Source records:
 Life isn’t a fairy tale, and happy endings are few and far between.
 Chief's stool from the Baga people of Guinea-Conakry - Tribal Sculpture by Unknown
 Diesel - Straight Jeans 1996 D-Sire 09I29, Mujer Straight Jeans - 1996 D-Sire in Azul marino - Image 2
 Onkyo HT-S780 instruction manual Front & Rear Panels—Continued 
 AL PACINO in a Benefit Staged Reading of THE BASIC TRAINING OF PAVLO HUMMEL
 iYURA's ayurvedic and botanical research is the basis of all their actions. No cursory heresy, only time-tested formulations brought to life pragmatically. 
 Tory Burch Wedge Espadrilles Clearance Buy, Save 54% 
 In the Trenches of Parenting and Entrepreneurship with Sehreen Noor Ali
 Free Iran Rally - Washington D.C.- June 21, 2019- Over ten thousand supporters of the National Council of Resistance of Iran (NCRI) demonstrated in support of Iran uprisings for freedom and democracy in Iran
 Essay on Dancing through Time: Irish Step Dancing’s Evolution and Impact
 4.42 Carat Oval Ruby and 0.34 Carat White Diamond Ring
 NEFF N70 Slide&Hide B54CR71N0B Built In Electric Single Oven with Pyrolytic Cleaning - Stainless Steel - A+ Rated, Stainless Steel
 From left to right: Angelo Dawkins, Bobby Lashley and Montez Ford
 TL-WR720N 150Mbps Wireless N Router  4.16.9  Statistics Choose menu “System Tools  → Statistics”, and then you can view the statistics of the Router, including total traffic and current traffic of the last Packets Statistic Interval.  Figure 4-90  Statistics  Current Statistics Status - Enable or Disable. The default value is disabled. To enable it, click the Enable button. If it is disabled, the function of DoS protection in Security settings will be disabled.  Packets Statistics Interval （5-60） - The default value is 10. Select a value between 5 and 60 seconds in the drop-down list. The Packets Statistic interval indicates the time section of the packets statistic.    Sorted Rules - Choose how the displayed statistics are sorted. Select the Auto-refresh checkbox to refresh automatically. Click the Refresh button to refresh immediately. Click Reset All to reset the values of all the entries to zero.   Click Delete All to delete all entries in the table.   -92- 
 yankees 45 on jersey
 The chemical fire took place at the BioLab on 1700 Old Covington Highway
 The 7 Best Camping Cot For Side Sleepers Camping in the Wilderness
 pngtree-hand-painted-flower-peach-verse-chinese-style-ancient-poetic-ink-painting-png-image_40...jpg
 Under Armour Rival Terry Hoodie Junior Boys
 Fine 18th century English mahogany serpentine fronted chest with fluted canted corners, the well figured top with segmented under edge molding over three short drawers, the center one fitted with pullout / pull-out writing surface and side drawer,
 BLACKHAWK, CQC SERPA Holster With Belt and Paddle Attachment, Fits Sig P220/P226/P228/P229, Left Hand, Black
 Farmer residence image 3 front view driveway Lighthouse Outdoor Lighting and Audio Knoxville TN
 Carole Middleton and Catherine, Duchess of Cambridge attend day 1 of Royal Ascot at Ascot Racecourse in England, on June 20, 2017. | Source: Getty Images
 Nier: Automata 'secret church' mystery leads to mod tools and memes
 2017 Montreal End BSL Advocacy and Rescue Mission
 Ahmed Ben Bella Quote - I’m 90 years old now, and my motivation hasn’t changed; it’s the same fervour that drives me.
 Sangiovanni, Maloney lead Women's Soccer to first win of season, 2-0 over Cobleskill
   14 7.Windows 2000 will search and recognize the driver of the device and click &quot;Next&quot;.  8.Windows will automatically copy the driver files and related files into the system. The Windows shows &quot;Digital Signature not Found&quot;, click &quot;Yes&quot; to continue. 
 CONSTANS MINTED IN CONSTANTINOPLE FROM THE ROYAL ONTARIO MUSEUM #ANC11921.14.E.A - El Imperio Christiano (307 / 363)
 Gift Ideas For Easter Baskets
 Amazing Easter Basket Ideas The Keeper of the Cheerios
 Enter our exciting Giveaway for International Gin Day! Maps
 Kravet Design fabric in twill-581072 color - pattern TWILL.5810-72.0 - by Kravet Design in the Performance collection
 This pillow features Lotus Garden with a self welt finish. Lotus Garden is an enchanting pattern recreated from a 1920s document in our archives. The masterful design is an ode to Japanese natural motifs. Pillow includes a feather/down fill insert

→ Required action: Restate the data verbatim through the "From left to" line.

→ Exercise output:
 Life isn’t a fairy tale, and happy endings are few and far between.
 Chief's stool from the Baga people of Guinea-Conakry - Tribal Sculpture by Unknown
 Diesel - Straight Jeans 1996 D-Sire 09I29, Mujer Straight Jeans - 1996 D-Sire in Azul marino - Image 2
 Onkyo HT-S780 instruction manual Front & Rear Panels—Continued 
 AL PACINO in a Benefit Staged Reading of THE BASIC TRAINING OF PAVLO HUMMEL
 iYURA's ayurvedic and botanical research is the basis of all their actions. No cursory heresy, only time-tested formulations brought to life pragmatically. 
 Tory Burch Wedge Espadrilles Clearance Buy, Save 54% 
 In the Trenches of Parenting and Entrepreneurship with Sehreen Noor Ali
 Free Iran Rally - Washington D.C.- June 21, 2019- Over ten thousand supporters of the National Council of Resistance of Iran (NCRI) demonstrated in support of Iran uprisings for freedom and democracy in Iran
 Essay on Dancing through Time: Irish Step Dancing’s Evolution and Impact
 4.42 Carat Oval Ruby and 0.34 Carat White Diamond Ring
 NEFF N70 Slide&Hide B54CR71N0B Built In Electric Single Oven with Pyrolytic Cleaning - Stainless Steel - A+ Rated, Stainless Steel
 From left to right: Angelo Dawkins, Bobby Lashley and Montez Ford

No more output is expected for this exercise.